Spark partition filter is skipped when table is used in where condition, why?-CodePudding

Maybe someone observed this behavior and knows why Spark takes this route. I wanted to read only few partitions from partitioned table.

SELECT *
FROM my_table
WHERE snapshot_date IN('2023-01-06', '2023-01-07')

results in (part of) the physical plan:

-- Location: PreparedDeltaFileIndex [dbfs:/...]
-- PartitionFilters: [cast(snapshot_date#282634 as string) IN (2023-01-06,2033-01-07)]

It is very fast, ~1s, in the execution plan I see it is using those provided datasets as arguments for partition filters.

If I try to provide filter predicate in form of the one column table it does full table scan and it takes 100x longer.

SELECT *
FROM
  my_table
WHERE snapshot_date IN (
    SELECT snapshot_date
    FROM (VALUES('2023-01-06'), ('2023-01-07')) T(snapshot_date)
  )

-- plan

Location: PreparedDeltaFileIndex [dbfs:/...]
PartitionFilters: []
ReadSchema: ...

I was unable to find any query hints that would force Spark to push down this predicate. One can easily do for loop in python and wrap logic of reading a table with desired dates and read them one by one. But I'm not sure it is possible in SQL.

Is there any option/switch I have missed?

CodePudding user response：

I don't think pushing down this kind of predicate is something supported by Spark's HiveMetaStore client, today.
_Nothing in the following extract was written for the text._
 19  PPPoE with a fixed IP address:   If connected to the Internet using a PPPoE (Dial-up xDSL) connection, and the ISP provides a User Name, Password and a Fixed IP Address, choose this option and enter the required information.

So in first case, HiveShim.convertFilters(...) method will transform

:
WHERE snapshot_date IN ('2023-01-06', '2023-01-07')
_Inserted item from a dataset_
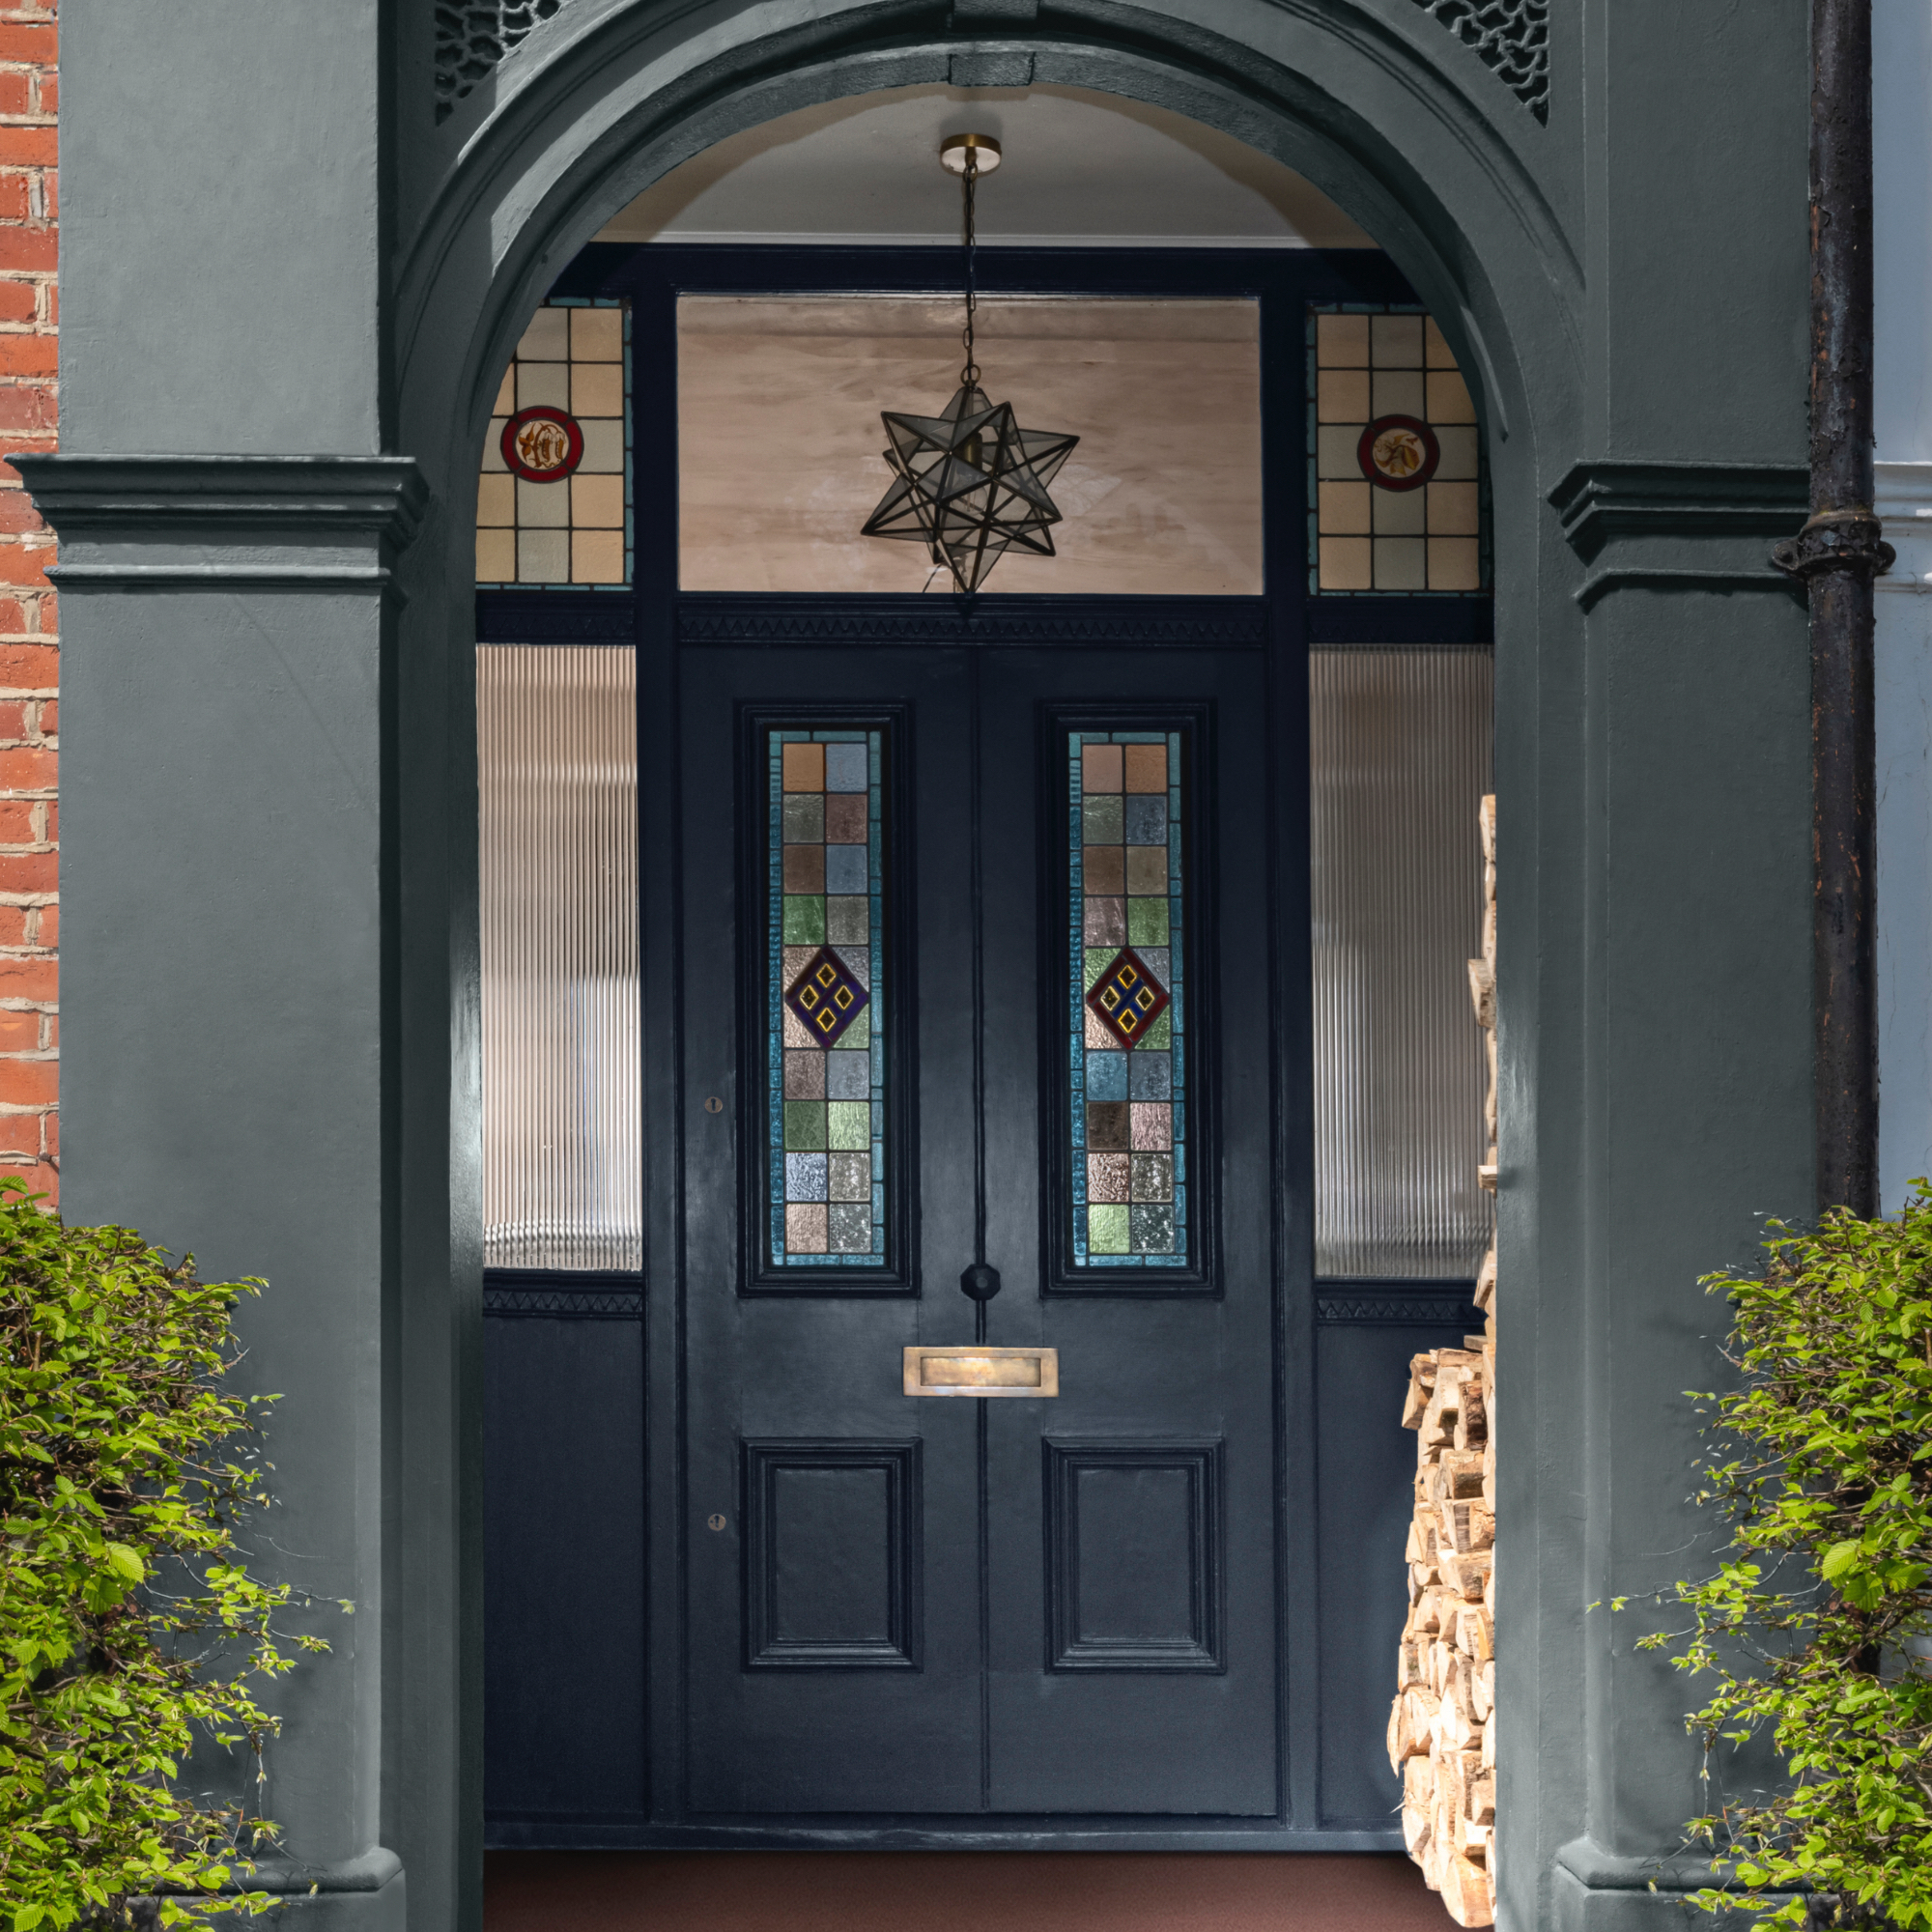 Dark blue front door with stained glass, pendant star light, dark grey painted masonry

into a filtering predicate understood by HMS as

snapshot_date="2023-01-06" or snapshot_date="2023-01-07"

but in the second, sub-select, case the condition will be skipped altogether.

  /**
   * Converts catalyst expression to the format that Hive's getPartitionsByFilter() expects, i.e.
   * a string that represents partition predicates like "str_key=\"value\" and int_key=1 ...".
   *
   * Unsupported predicates are skipped.
   */
  def convertFilters(table: Table, filters: Seq[Expression]): String = {
    lazy val dateFormatter = DateFormatter()
    :
    :